И, уйдя из кухни, в сердцах хлопнула дверью.

Пришел Костя, сказал, что завтра они с бабкой поедут в лагерь навещать его маму. В письме она просит, чтобы привезли табаку. «Странно, — подумал я. — Она ведь была некурящая». А ему сказал:

— Я поеду с вами, хочу повидать тетю Марусю.

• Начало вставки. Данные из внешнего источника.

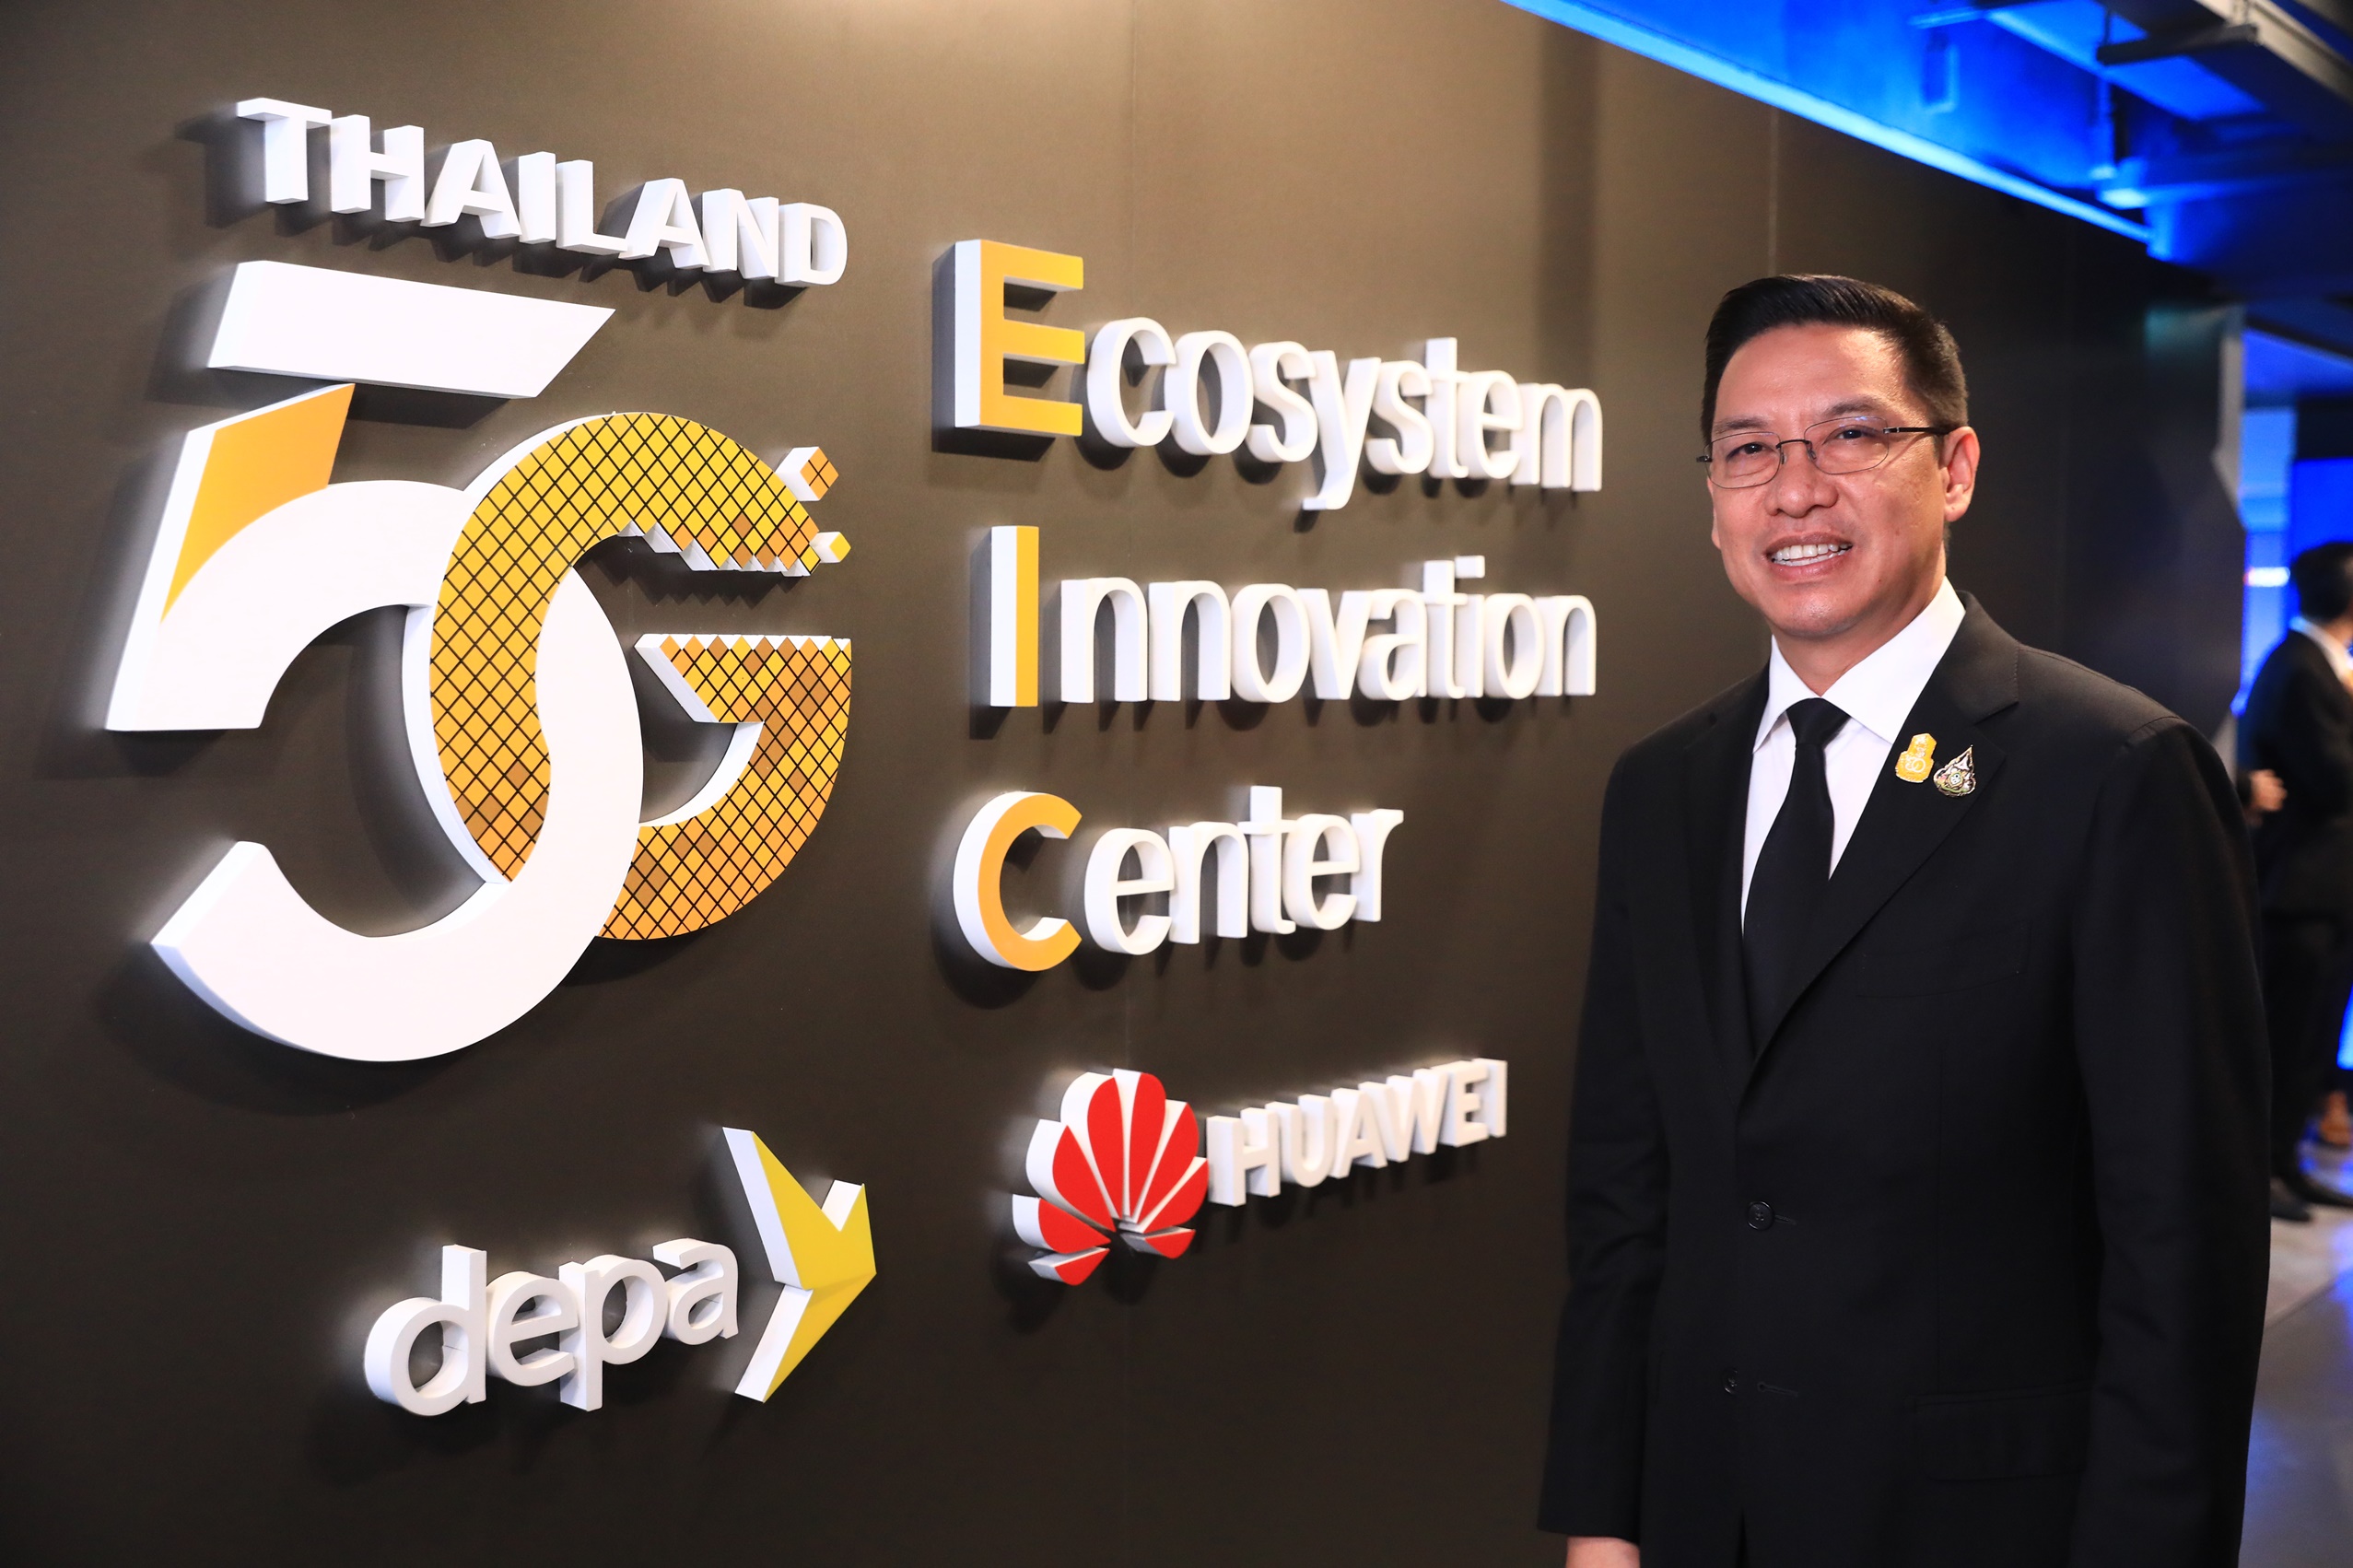 กระทรวงดิจิทัลฯ โดยดีป้า ผนึกกำลังหัวเว่ยฯ เปิดศูนย์ Thailand 5G Ecosystem Innovation Center (5G EIC) เร่งพลิกโฉมทุกอุตสาหกรรมสู่ดิจิทัล

Рано утром мы сбегали к столовой, купили двадцать стаканов табаку, набрали еды и отправились в лагерь. Он был совсем недалеко — от центра две или три остановки на автобусе. В лесочке рядом с заводом, где работали прежде и мои родители, и Костина мама. Отделяла его от внешнего мира одна лишь колючая проволока, а по углам отгороженного прямоугольника стояли вышки с часовыми. Сойдя с автобуса, мы пошли вдоль этого ограждения. За ним я впервые в жизни увидел заключенных. Изможденные, безликие, в одинаковых черных робах мужчины и женщины (в те годы они содержались вместе) стояли небольшими группами или же прохаживались по зоне — очевидно, был час утренней прогулки. Вдруг видим отделившись от остальных, к ограде бежит какая-то старая женщина.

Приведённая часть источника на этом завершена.